Q. How can I use a figure‑of‑eight mic with the mid/side miking setup?

Sound Advice : Miking
I have two figure‑of‑eight Golden Age ribbon mics that I want to use as overheads for drum recording. I’ve read about Blumlein pairs and will try that, but I also wondered if I could try Mid/Side recording techniques. Can you use a figure‑of‑eight mic for the centre mic in that setup, and, if so, how do I get rid of the ‘rear’ sound from the centre mic? While I’m at it, can I ask if you know of any other neat recording tricks for using two figure‑of‑eight mics together?
Connie Buck via email
SOS Technical Editor Hugh Robjohns replies: 
Yes, you can certainly use the M/S approach if you want to, and that does provide the potentially useful advantage of being able to adjust the stereo recording angle remotely to set the required image width.

Recording a vocalist with two figure‑of‑eight mics can produce very good results. If the performer wants to play and sing at the same time, careful positioning to reject the unwanted sound from both mics (the vocals from the guitar mic and the guitar from the vocal mic) can achieve excellent separation.

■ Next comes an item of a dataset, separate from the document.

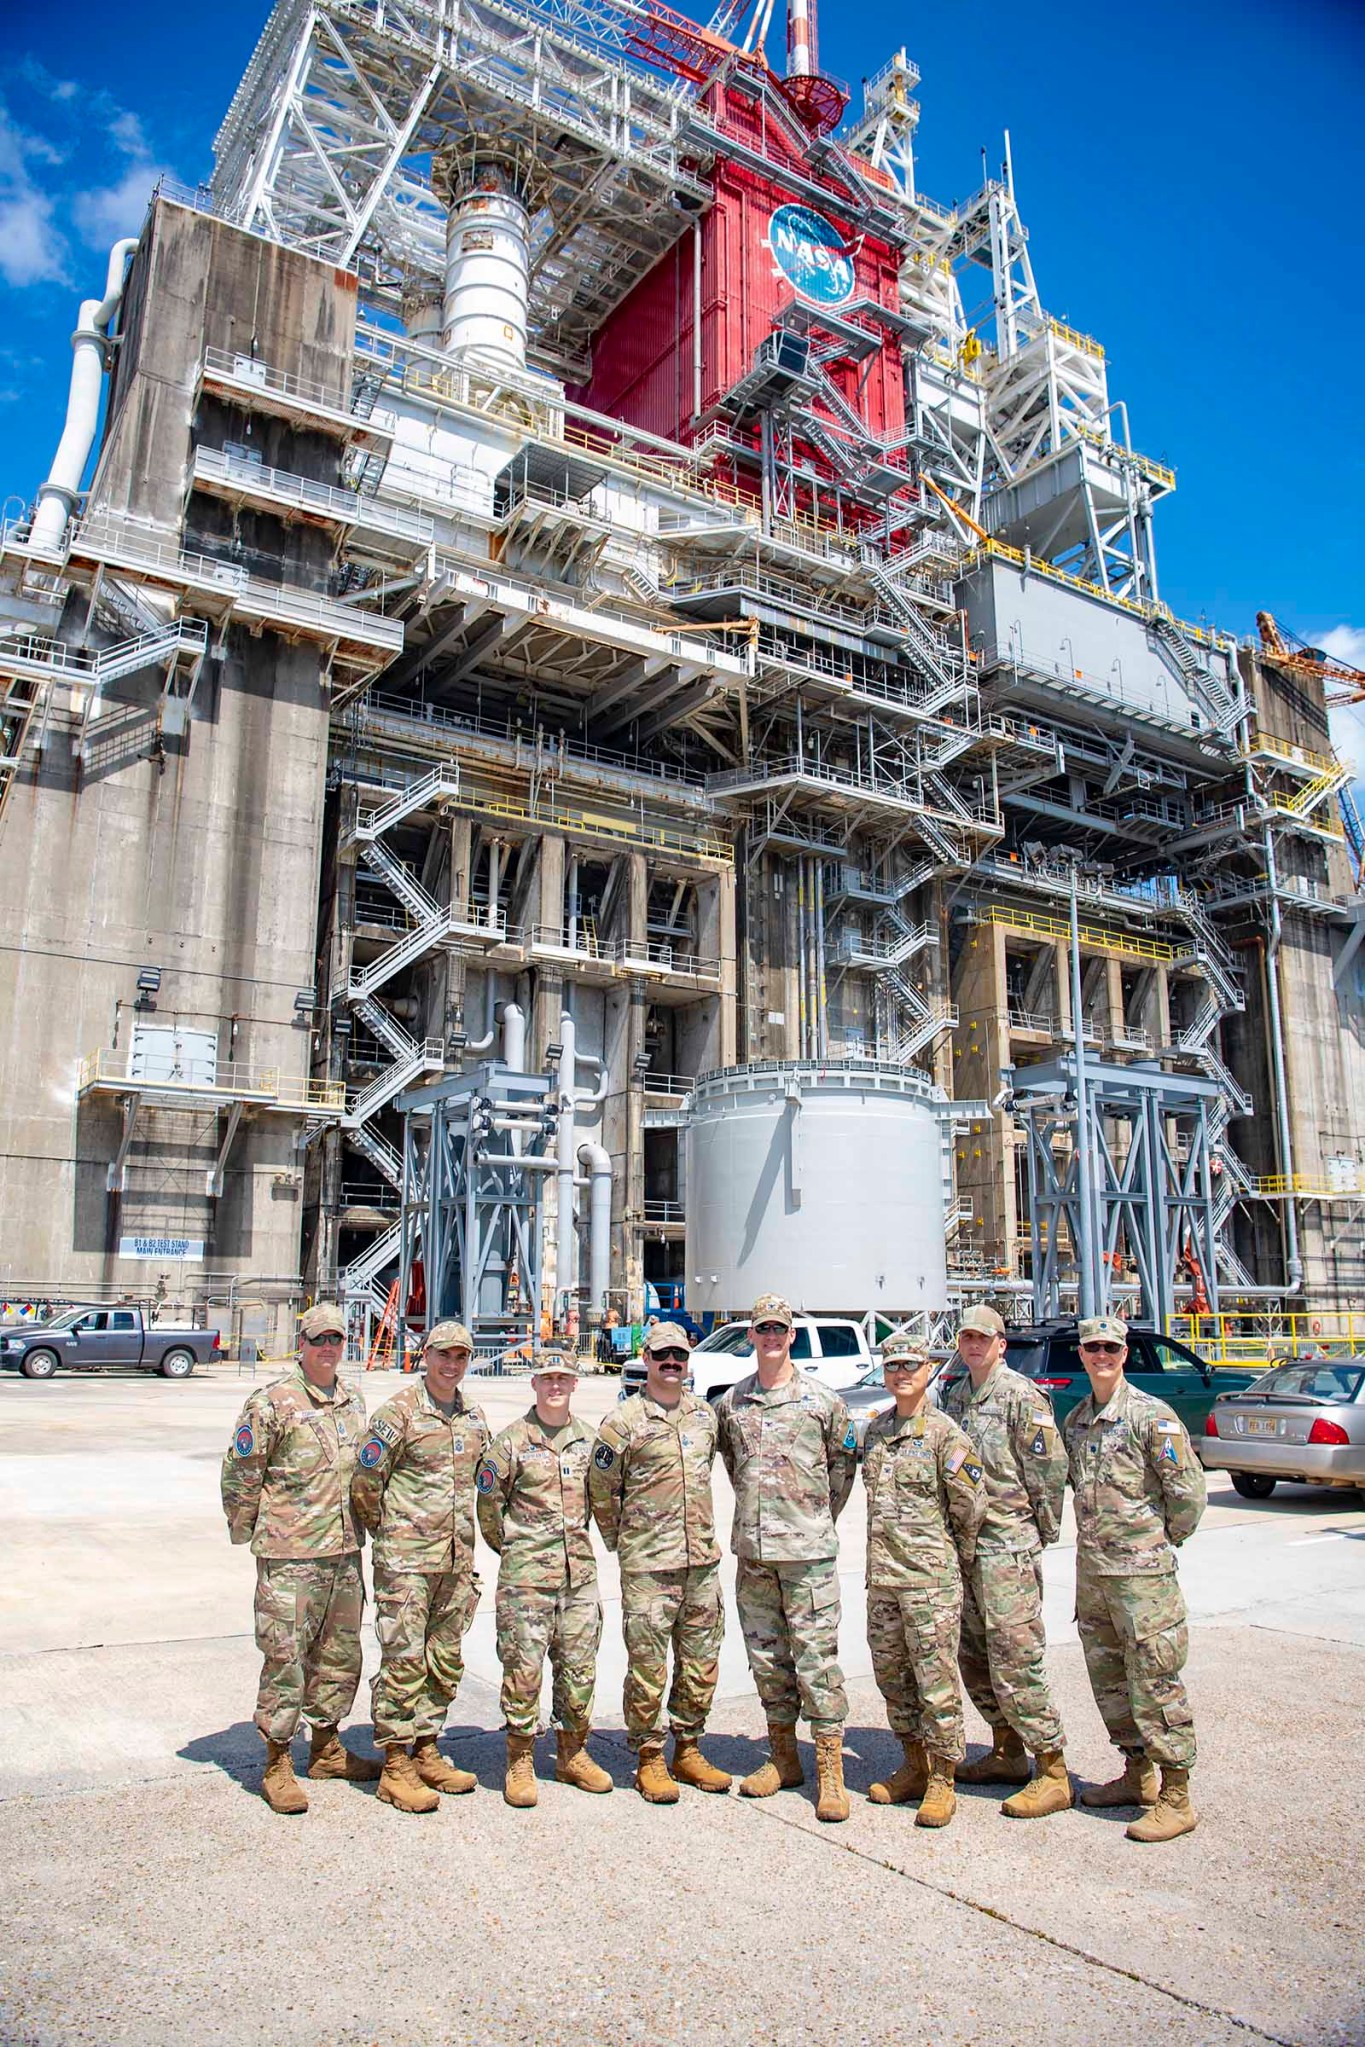 The United States Space Force Training Leadership Team stops for a photo in front of test stand at NASA Stennis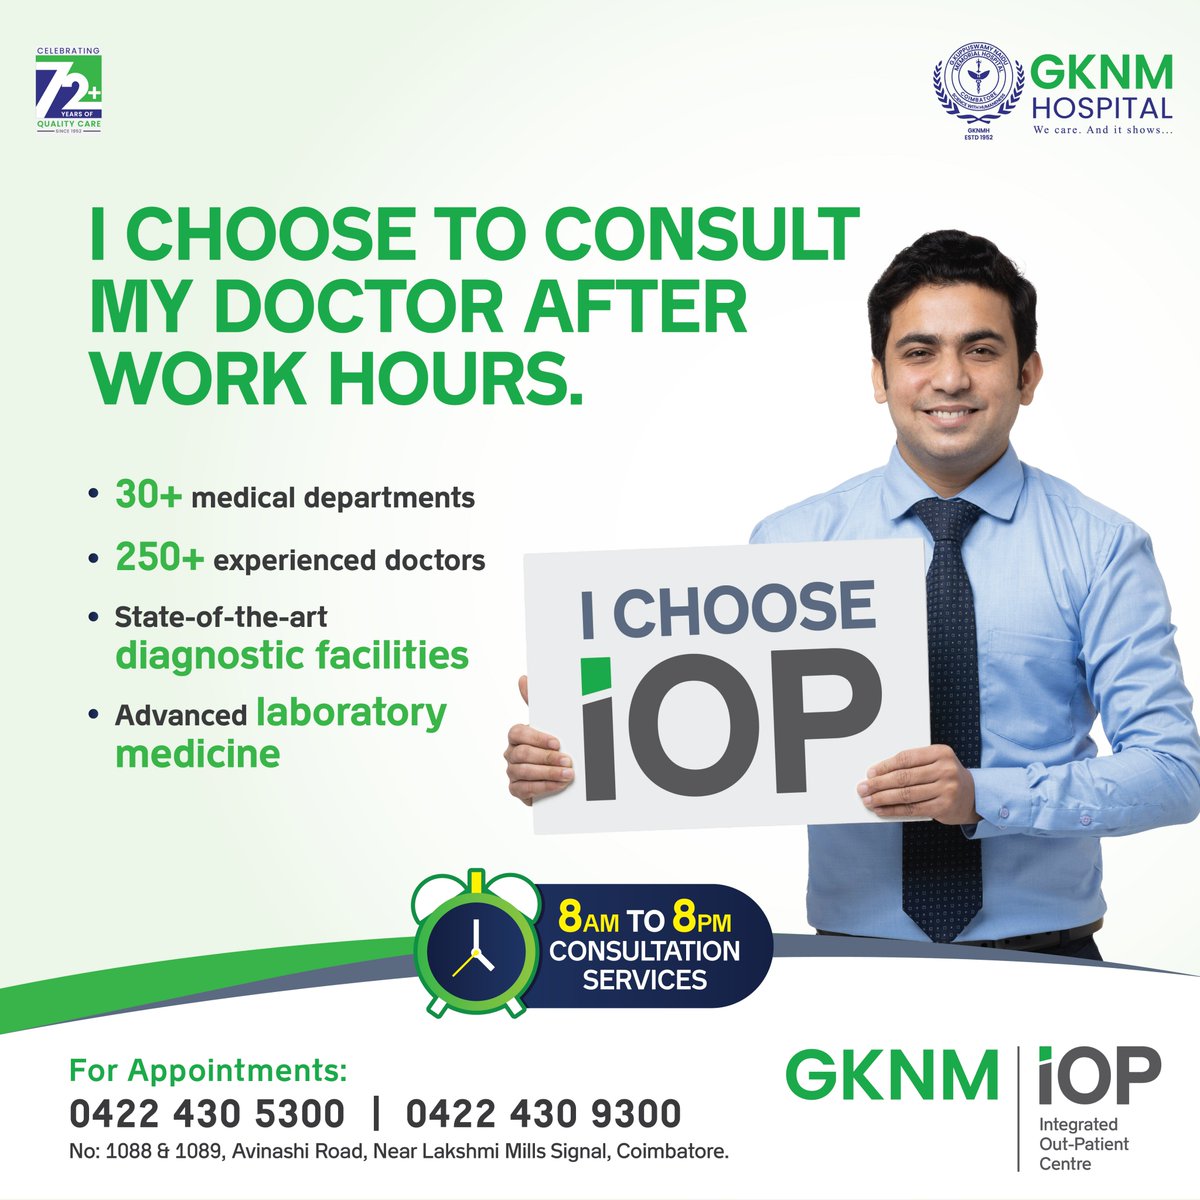 Busy with work and looking to consult your doctor after work hours? Worry not. GKNM iOP offers consultation services from 8 a.m. to 8 p.m. Your health is our utmost priority. Choose GKNM iOP! To Know More - gknmhospital.org/iop/ \ 0422 430 5300 / 0422 430 9300 #GKNM #GKNMiOP

However, the left‑right decoded signal from an M/S array comprising two figure-of-eights is essentially two figure-of-eights in an X-Y format: basically the same Blumlein array you are already familiar with. Altering the ratio of Mid and Side changes the equivalent mutual angle of the decoded X-Y mics, and distorts their polar patterns slightly. However, for matched Mid and Side levels, M/S with a pair of figure-of-eights decodes as a perfect Blumlein array. Indeed, this is precisely what Blumlein discovered and experimented with 80 years ago!
If you need to ‘get rid’ of the rear pickup of the Mid mic, you will have to place an acoustic absorber behind the mic; for example, the infamous SOS duvet, foam absorbers, or even some kind of reflection filter: anything to capture sounds that would otherwise head back into that rear pickup zone.
As for other neat tricks with dual figure-of-eights, there is a technique called the Faulkner Array that uses two figure‑of‑eight mics spaced about eight inches apart and facing forward. The idea is to capture a normal stereo sound‑stage in much the same way as an ORTF arrangement, but with significantly reduced sensitivity to reverberant sounds from the sides and above. It was a technique devised to deal with the acoustics of a church that had nasty side‑wall slapback issues.
Another situation in which I often use two figure-of-eights is capturing a singing guitarist. By careful placement and angling of the mics, it’s possible to arrange their deep side nulls to provide a significant amount of rejection of the unwanted source: the guitar mic rejects much of the voice, and the voice mic rejects much of the guitar. If you do this carefully (and assuming the guitarist can sit still and not sway about!), you can achieve 20dB of separation or more, which is a major improvement on the usual dual-cardioid approach!